A just-under-3 mile out-and-back in the Hollywood Hills. This seldom-traveled route offers fantastic city views and easy, dog-friendly routes. While parking and trailhead issues may be complicated, this area has many of the same features and views of nearby Runyon Canyon with a fraction of the foot and paw traffic. A nice, hidden gem.
- Distance: This route is just under 3 miles, although you can shorten the trip depending on which trails you do and which trailhead you start from.
- Elevation Gain: 434 feet
- Time: About 90 minutes
- Trail Condition: Good. The two main trails are old fire roads that are in very good shape. The use-trail that connects the two is very steep and covered with loose gravel and might not be suitable for some hikers.
- How To get There: This route starts at the Bantam Trailhead off Nichols Canyon Road. From Hollywood Blvd., turn north onto Nichols Canyon Road and travel about 1.3 miles. At a very sharp bend to the left in the road, you’ll see a small parking area on the right hand side of the road. Look for the gate to the Bantam Trail and a green Fire Prevention sign. No fees required.
- Great views of the city, fancy houses of Nichols Canyon
- Rarely busy. I only saw two other people when I was here, while nearby Runyon was packed.
- on Flickr
If you’re like me, you’ve often gazed at Google Maps of the Hollywood Hills, saw a little green slice next to Runyon Canyon called the Trebek Open Space and wondered what the heck it was.
Well, today I finally took the trip up there to check it out.
The area is 74 acres of land donated to the Santa Monica Mountains Conservancy by Jeopardy! host Alex Trebek back in 1998. Because the land was already being used by hikers from nearby Wattles Garden Park and Runyon, the Conservancy was happy to have the land to improve the trails and maintain a wildlife corridor in the area.

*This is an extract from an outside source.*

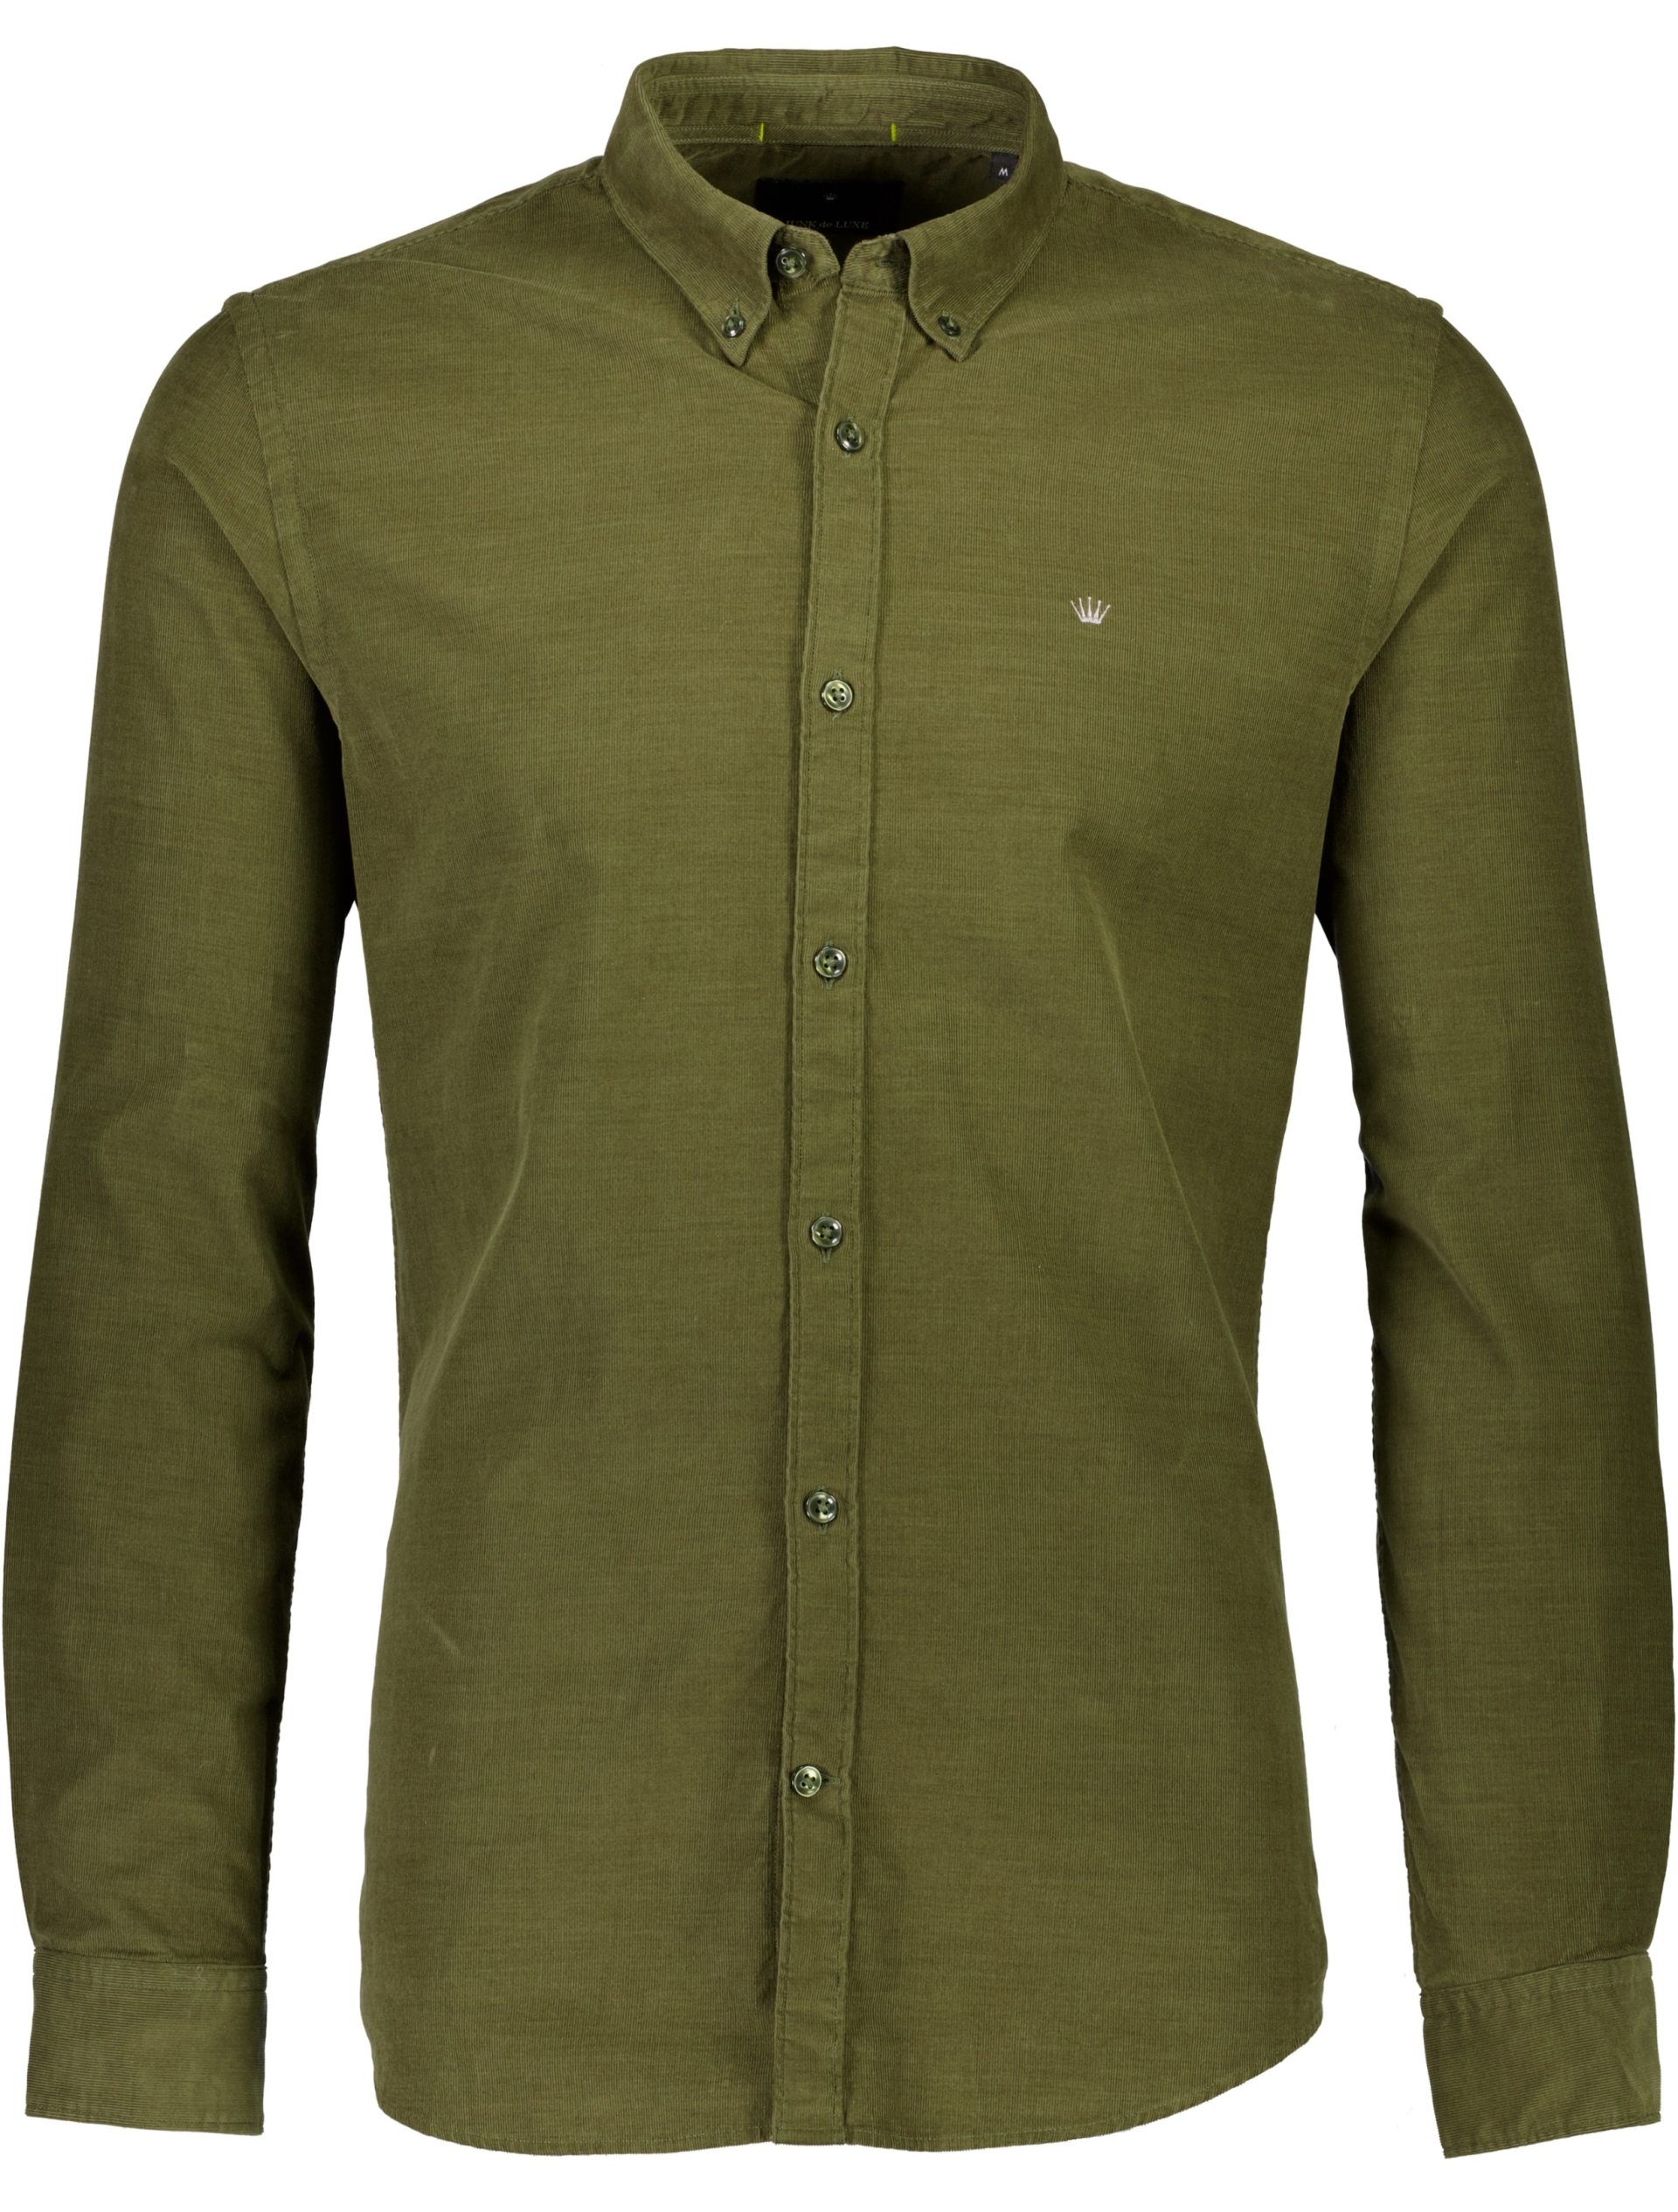 Junk de Luxe Fløjlsskjorte grøn / army

Unfortunately, the park itself is a little difficult to get to and could probably use a bit more love and care from the Conservancy. While reading up on the area, I found many others had recommended just driving up Curson Avenue to enter the park’s southeastern corner. Unfortunately, when I tried this (on a Monday afternoon), the route was blocked by a large, locked auto and pedestrian gate. If you look at a Google Map, it looks like you can enter the southwestern corner off Castair Drive, but this, too, is blocked by private landowners who love giant, locked gates. Instead, I had to head a bit further up Nichols Canyon Road to the open gate to the Bantam Trail. The parking area is small but free and nicely shaded.
(NOTE: I did a return visit to Curson Ave and found the pedestrian gate unlocked. Not sure if it’s locked at certain hours or days, but it IS possible to reach this trail from that street).
Look for the gate and head on through. I saw a lot of birds, heard some frogs from the Nichols Canyon Creek below … and saw a lot of fancy houses.
The path here is wide, gently graded, and easy to follow. It’s about a half mile to the first junction and you’ll only gain about 160 feet in elevation, so just enjoy the views!
When you get to the half mile mark, take a sharp left to head up on the Astral Trail to tack a bit more elevation and distance onto the route.
At about the 0.74 mile mark, you’ll reach a gate at the trail leading onto Astral Drive. This is an alternate trailhead if you want to start off at the high point of the Open Space.
There’s not a whole lot to see here, so turn around and head back to the junction, taking time to enjoy the views of the city as they spread out in front of you. If it’s clear out you’ll actually be able to see quite a bit – I could make out downtown and the San Gabriels to the east and all the way to Santa Monica to the east … I was just seeing them through our usual layer of L.A. haze.
When you return to the junction, stay to the left and continue hiking until about the 1.1 mile mark. Here, you’ll see a USGS marker in the center of a ridge – and you’ll have a great view of the western ridge trail in Runyon Canyon just across the canyon to your east.
From this vantage point, you’ll be able to make out the Castair Trail beneath you – and you’ll see that this little use-trail you’re about to hike on is going to have to get pretty steep to meet up with it. It does get steep, but it starts out as a fun little single-track that follows the ridge.
This use trail is only 0.2 miles long, but it’s by far the toughest part of this route. The last few dozen yards are very steep and are covered in that loose, crumbly gravel that you find all over the mountains of Southern California. If you’re just here for a casual stroll, skip this part of the trail and head back to the trailhead. If you’re headed down, just take your time … and don’t be afraid to use your hands.
When you make it to the bottom you’ll be right on the Castair Trail. To the east, you’ll see a vehicular gate and some more fancy houses. This is apparently an additional trailhead reachable by the end of Curson Avenue, but the gate I saw wasn’t even letting pedestrians through so I’m not sure when that’s open.
To continue this route, head west on the Castair Trail – a broad, winding old fire road that provides many of the same views as the upper route, with a few minor flourishes here and there.
At the 1.8 mile mark, you’ll reach the end of this trail and yet another locked gate.
Turn around and head back to your car the way you came in, making sure you take your time on that scramble ascent on the use-trail.